State Tax Snapshot: Non-U.S. Based Entities Must Navigate Varying Income Tax Treatment Among States


Conducting business across international borders is a commonplace occurrence in today's economy as a result of the expansion of global markets, the Internet, and other recent technological developments. But the state tax treatment of non-U.S. based entities doing business within the United States can be difficult to ascertain and unpredictable. The Bloomberg BNA 2013 Survey of State Tax Departments, which will be published on April 26, asked state department officials several questions aimed at eliciting further insights on this issue.

At the federal level, non-U.S. entities can rely on treaty provisions to offer guidance on the tax consequences of most types of transactions. Under the bilateral tax treaties, a non-U.S. company generally is not subject to U.S. tax on business income derived in the U.S. unless the income is attributable to a permanent establishment in the U.S. The definition of "permanent establishment" varies by treaty, but it is generally defined as a place of management, an office, a construction site, or an agent of the non-U.S. company with authority to enter into contracts.

At the state level, whether a non-U.S. entity is subject to tax depends on the entity having nexus with the particular state. Most states adhere to an economic nexus rationale for income taxes, which does not require a physical presence. As a result, a non-U.S. company can achieve nexus with a state even if it lacked a permanent establishment.

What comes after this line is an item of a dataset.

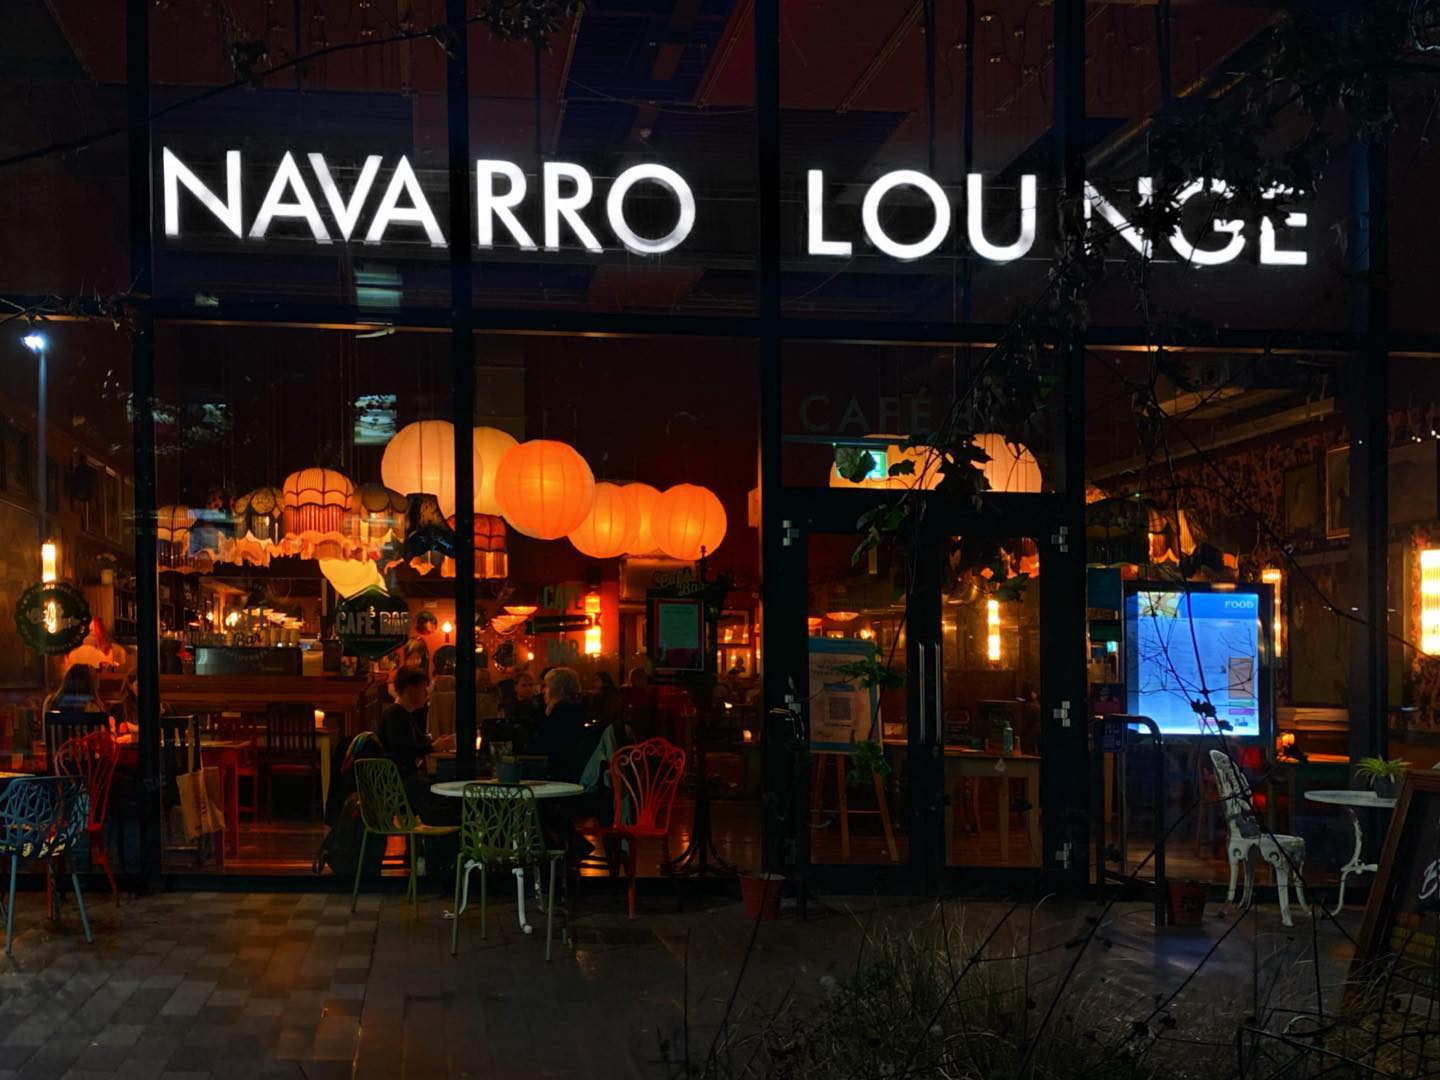 External image of Navarro Lounge at night

Another question is whether a state extends the protection afforded under Pub. L. No. 86-272 to non-U.S. entities. Public. L. No. 86-272 prohibits the imposition of state income-based taxes against businesses engaged in the sale of tangible personal property whose activities in the taxing state are limited to the solicitation of orders. This protection applies "interstate commerce," but not to foreign commerce. States have the option, however, to extend the protection to foreign commerce.

If nexus with a state is established, the non-U.S. entity's actual tax liability would depend on the state's starting point for computing its income tax. The starting point in "water's-edge" states is taxable income within the U.S. Under this method, if a state starts its computation with federal taxable income, assuming that the state does not require an addition of treaty-exempt income, then the company's tax liability would be zero.

But not all non-U.S. entities qualify for this treatment because of the so-called "80/20 rule," which is the main method that the states use to determine if a non-U.S. corporation should be included in a combined group for water's-edge purposes. Under this rule, a state that requires or permits the filing of a water's-edge combined return will exclude from the combined return a non-U.S. entity whose income apportionment percentage outside of the U.S. is 80 percent or more. But there are variances in the method used by the states to determine if a non-U.S. based company has met this standard.

In a state that begins its computation with world-wide income, a non-U.S. entity could have state tax liability even if it had no federal income tax liability. Because nearly every state uses federal income as the starting point for computing taxable income within their jurisdiction, non-U.S. based entities must begin the state computation process by completing a "pro forma" federal tax return.

 Bloomberg BNA asked each state specify if it:

  • determines the state taxable income of a non-U.S. entity by permitting federal income tax treaty exemptions or other limits to control liability for state income taxation (i.e., the non-U.S. entity will only have state taxable income if it has a "permanent establishment" in the U.S. and reports income on Federal Form 1120-F);
  •  requires a non-U.S. entity that is not subject to federal income tax, but subject to the state's income-based tax, to compute the state's tax by first completing a "pro forma" federal tax return or computation of federal income;
  •  requires a non-U.S. entity not subject to federal tax, but subject to state income-based tax, to use a starting point in determining state taxable income other than federal taxable income (i.e., $0);
  •  imposes tax on a non-U.S. entity's apportioned worldwide taxable income;
  •  determines the source of income for purposes of taxing nonbusiness income by using the federal source rules;
  •  uses federal source rules to determine the non-US income of an 80-20 corporation for water's edge or other purposes;
  •  imposes tax only on the income of the U.S. branch of a non-U.S. entity;
  •  imposes income tax on a non-U.S. entity that is not subject to federal income taxation and only files federal Form 1120F;
  •  denies deductions of a foreign business that does not file a federal return within a specified period of time after its due date; or
  •  imposes franchise tax or other non-income based tax on a non-U.S. entity that is not subject to federal income taxation and only files federal Form 1120F.